You're facing two challenges in the project you are describing. The first, and probably really the lesser challenge, is figuring out the mechanics of how to connect to a web page and get hold of the text within your program. The second and probably bigger challenge will be to figure out exactly how to extract the information you want from that text. I'm not clear on the details of your requirements, but you're going to have to sort through a ton of text to find what you're looking for. Without actually looking at the NY Times site at the momemnt, I'm sure it has all sorts of decorations like pretty pictures and the company logo and headlines and so on, and then there are going to be menus and advertisements and all sorts of stuff. I sincerely doubt that the NY Times or almost any other commercial web site is going to return a search page that includes nothing but a link to the article you are interested in. Somehow your program will have to figure out that the first link is to the "subscribe on line" page, the second is to an advertisement, the third is to customer service, the fourth and fifth are additional advertisements, the sixth is to the home page, etc etc until you finally get to the one you're actually interested in. How will you identify the interesting link? There are probably headings or formatting that make it recognizable to a human being, but you use a lot of intuition to screen out the clutter that can be difficult to reproduce in a program.
Good luck!
You can do this in C# using the HTML Agility Pack, or using LINQ to XML if the site is valid XHTML. EDIT: It isn't valid XHTML; I checked.

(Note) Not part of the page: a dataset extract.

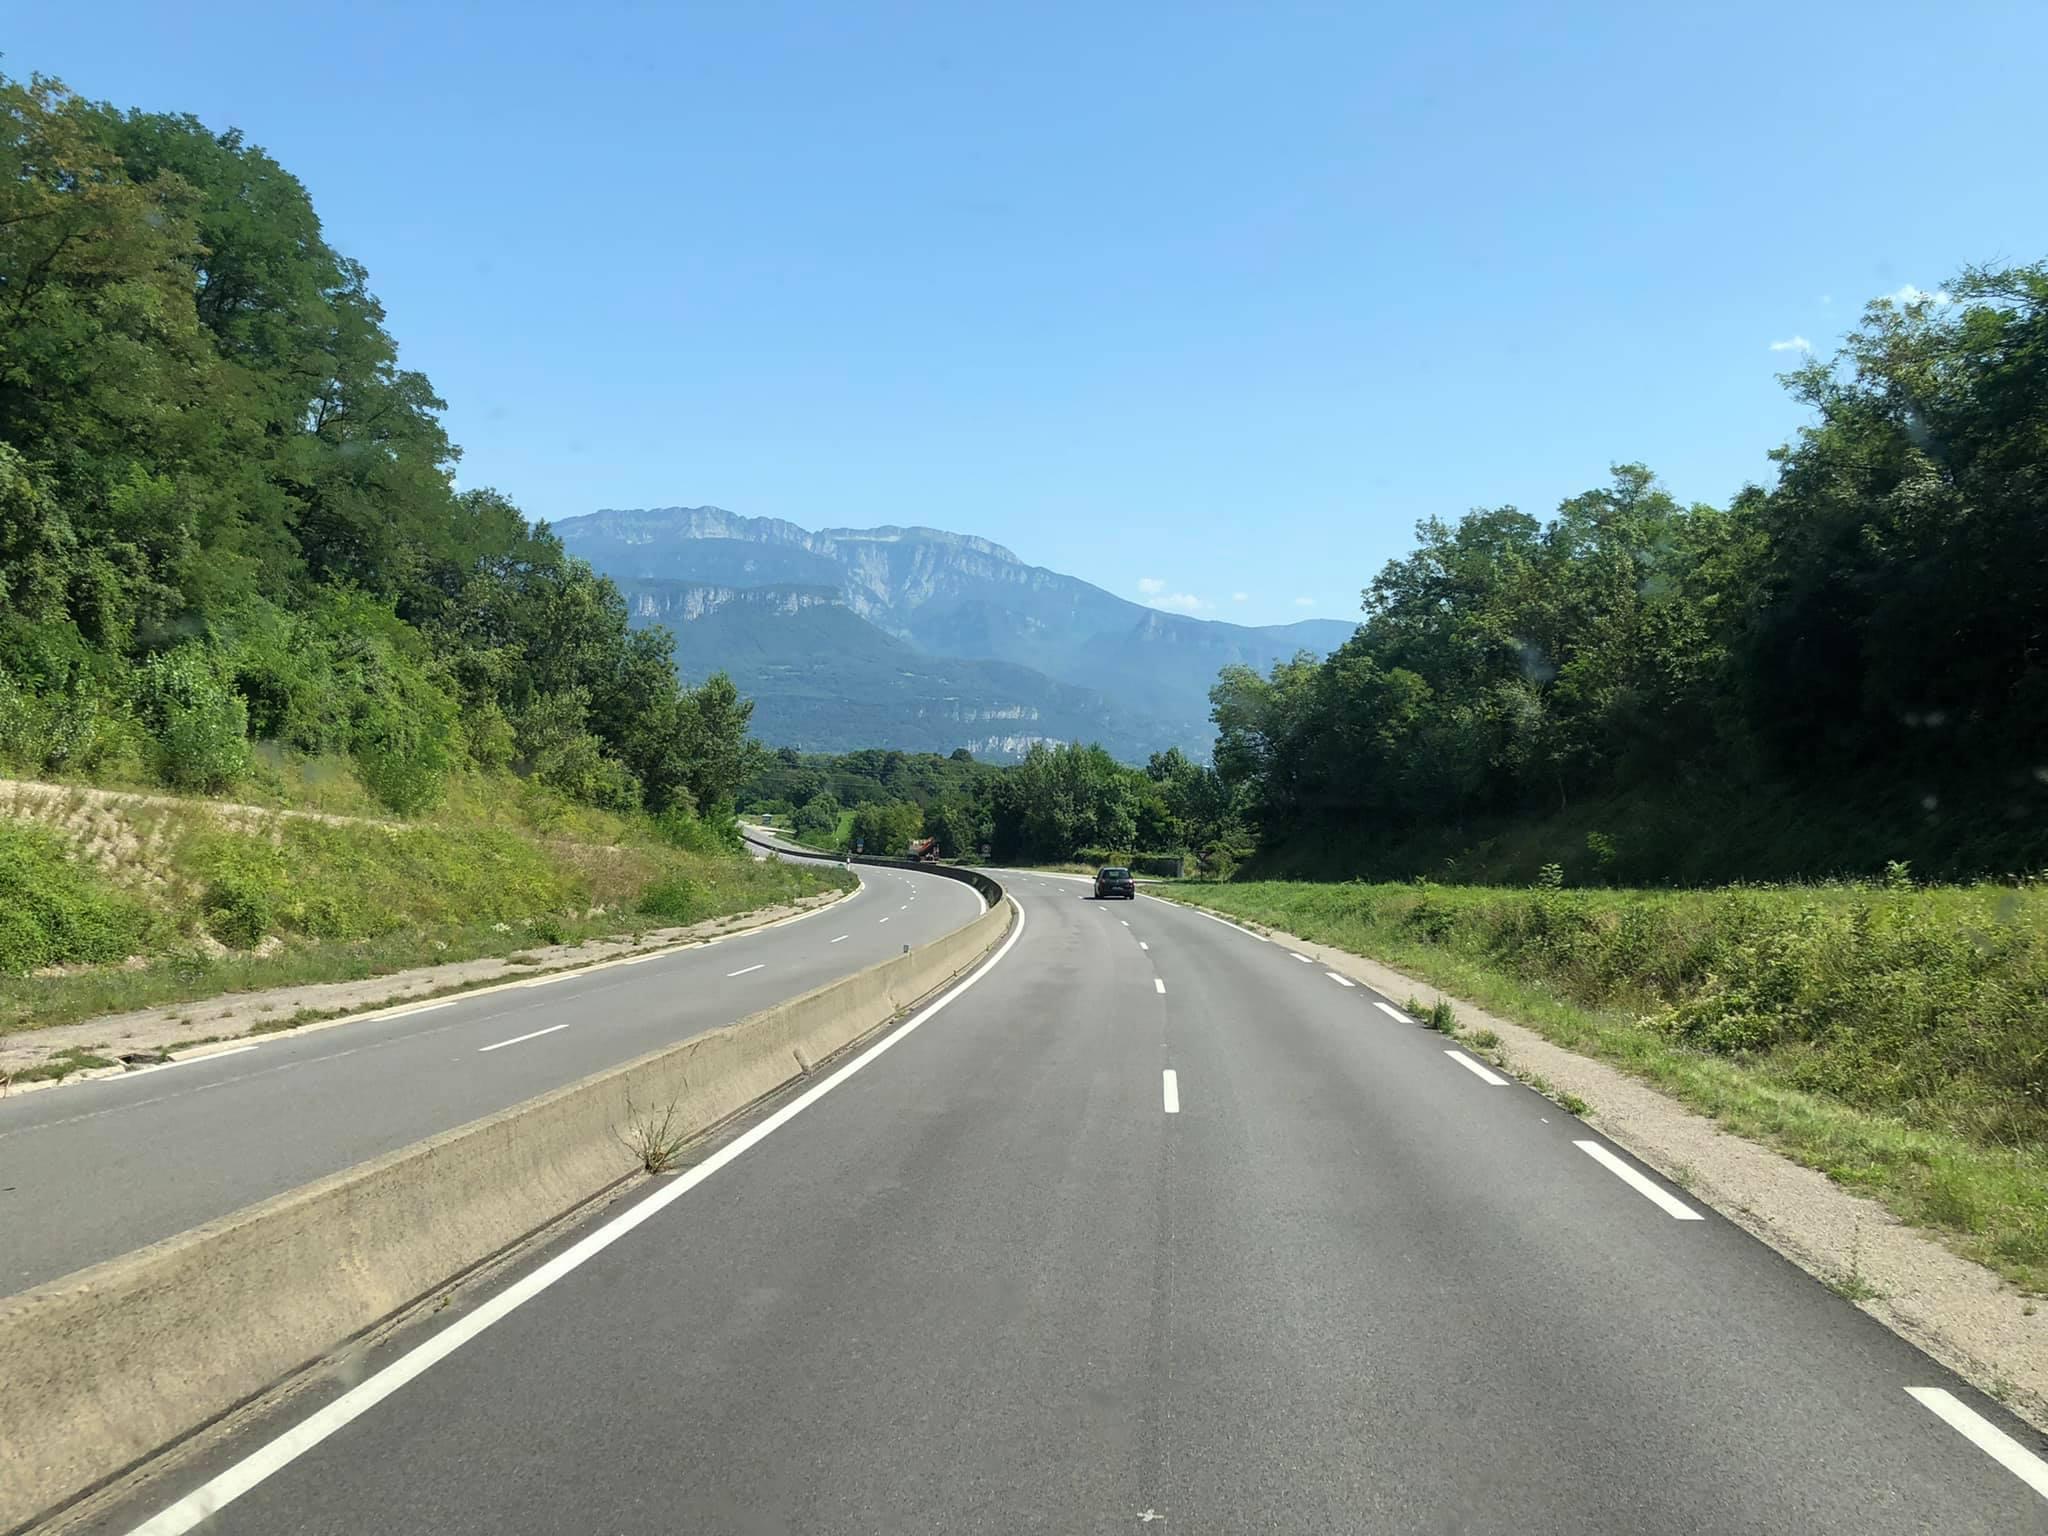 Lyon-Grenoble-lossen-Mantmelian-laden--(2)
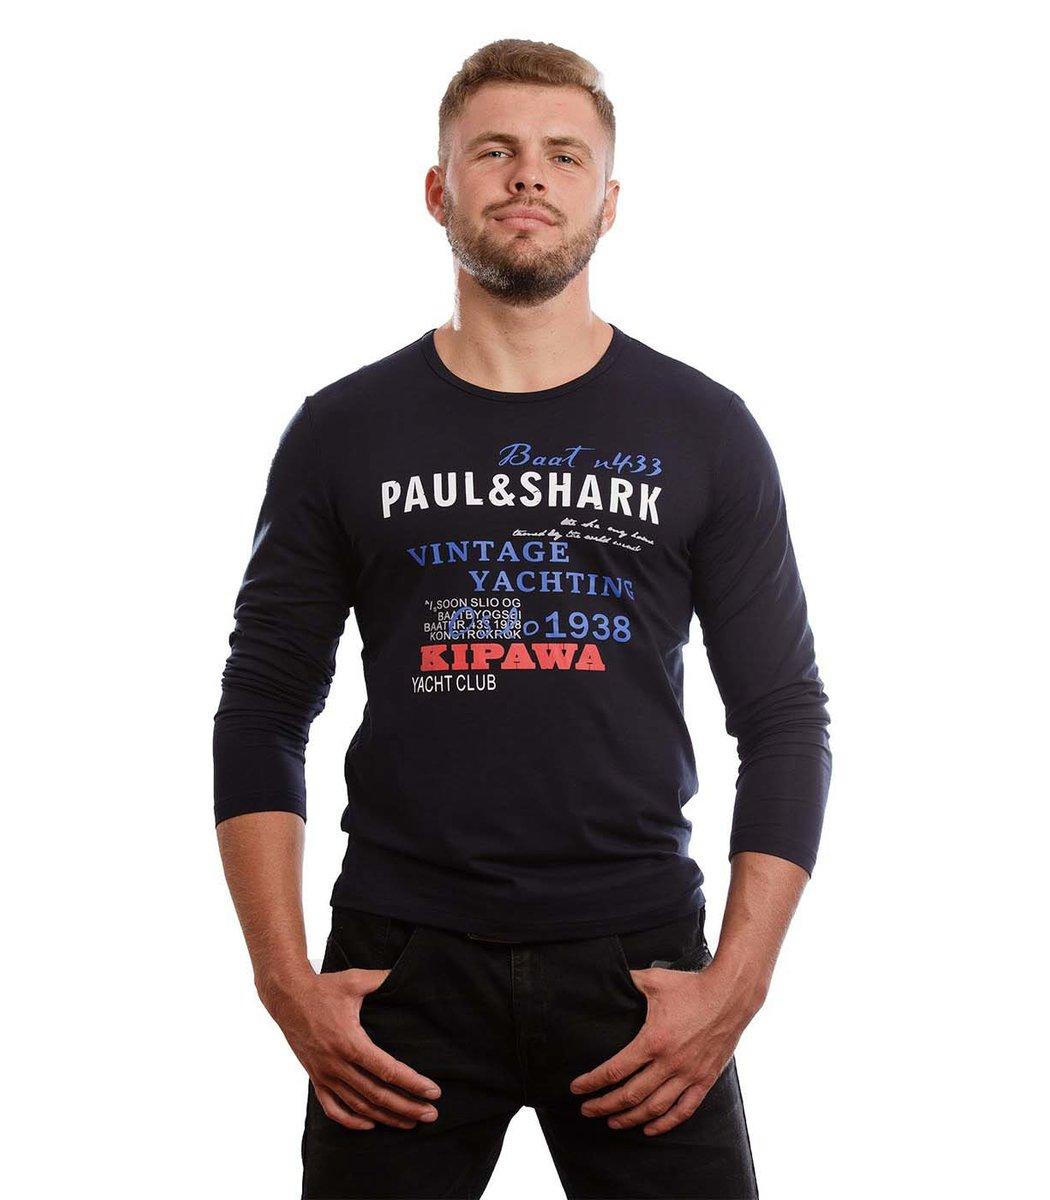 Синий лонгслив  Paul Shark L2 (Синий) - Синий - Вид 2

The following (tested) code will get the URL of the first search result:
var doc = new HtmlWeb().Load(#"http://query.nytimes.com/search/sitesearch?query=Apple&srchst=cse");
var url = HtmlEntity.DeEntitize(doc.DocumentNode.Descendants("ul")
.First(ul => ul.Attributes["class"] != null
&& ul.Attributes["class"].Value == "results")
.Descendants("a")
.First()
.Attributes["href"].Value);
Note that if their website changes, this code might stop working.